In August, UCLA announced that the Trump administration had suspended $584 million in federal grants over allegations of civil rights violations related to antisemitism and affirmative action.

Lin issued a ruling later that month that resulted in $81 million in grants from the National Science Foundation being restored to UCLA. She ruled that those cuts had violated a June preliminary injunction where she ordered the National Science Foundation to restore dozens of grants that it had terminated at the University of California, which operates 10 campuses across the state.

The White House did not immediately respond to an email from The Associated Press requesting comment on Monday’s ruling.

The Trump administration has used its control of federal funding to push for reforms at elite colleges that the president decries as overrun by liberalism and antisemitism. The administration also has launched investigations into diversity, equity and inclusion efforts, saying they discriminate against white and Asian American students.

Two Ivy League institutions, Columbia and Brown, struck deals to preserve funding that was held up by the Trump administration over similar claims that they had not done enough to respond to campus antisemitism.

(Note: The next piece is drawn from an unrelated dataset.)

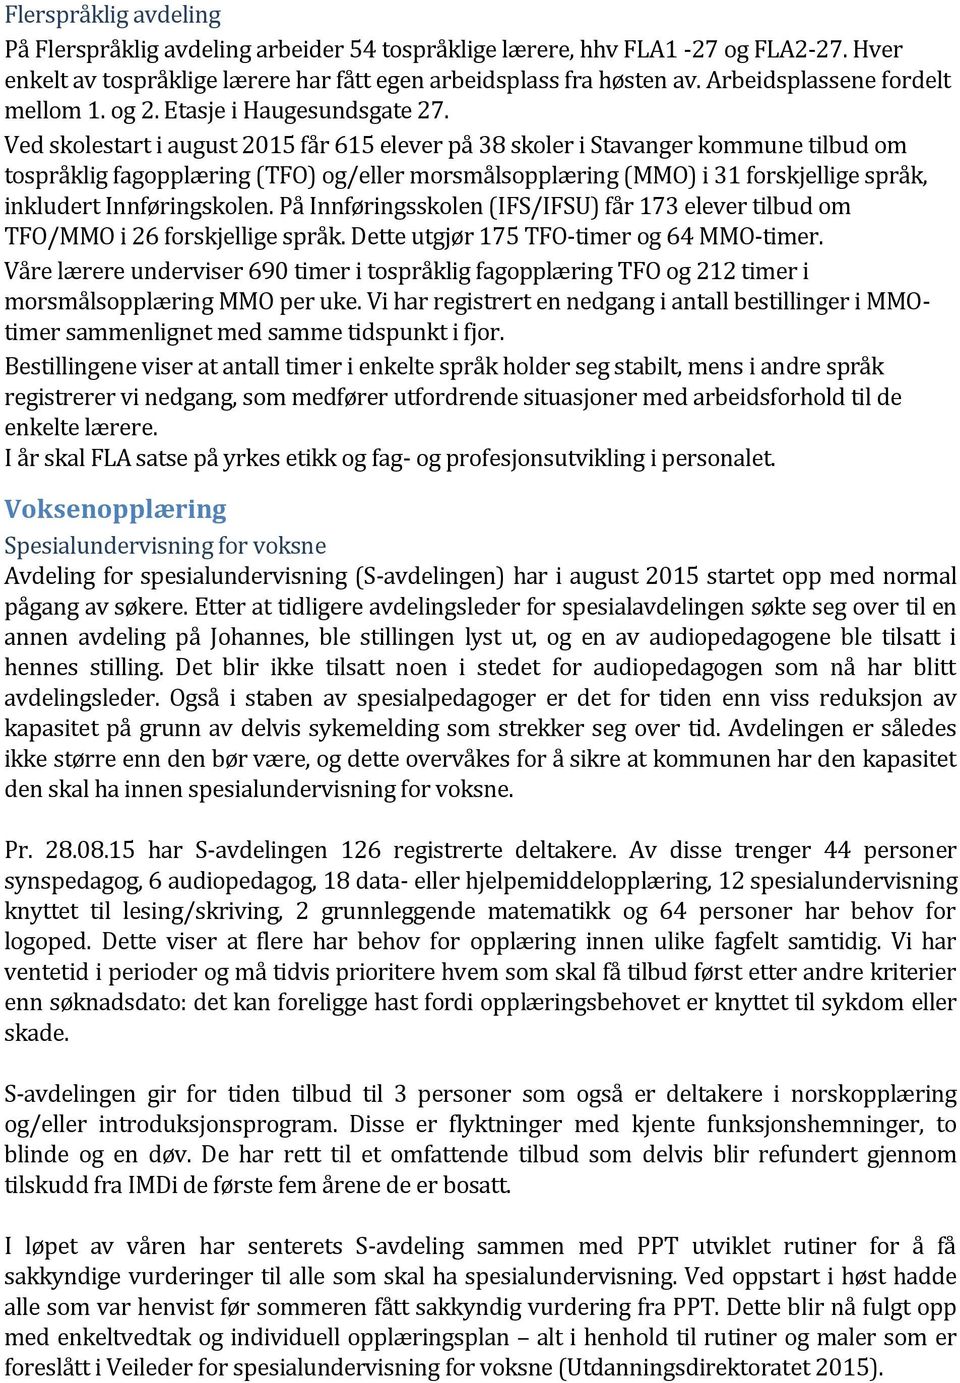 Ved skolestart i august 2015 får 615 elever på 38 skoler i Stavanger kommune tilbud om tospråklig fagopplæring (TFO) og/eller morsmålsopplæring (MMO) i 31 forskjellige språk, inkludert

In the case of Harvard, which pushed back with a lawsuit over cuts to its funding, a federal judge in early September ruled the funding freeze amounted to illegal retaliation for Harvard’s rejection of the Trump administration’s demands.

The Trump administration had proposed to settle its investigation into UCLA through a $1 billion payment from the institution. Democratic California Gov. Gavin Newsom has called it an extortion attempt.

UCLA has said that such a large payment would “devastate” the institution.

Monday’s ruling concerns hundreds of medical research grants from the National Institutes of Health that include studies into Parkinson’s disease treatment, cancer recovery, cell regeneration in nerves and other areas that campus leaders argue are pivotal for improving the health of Americans.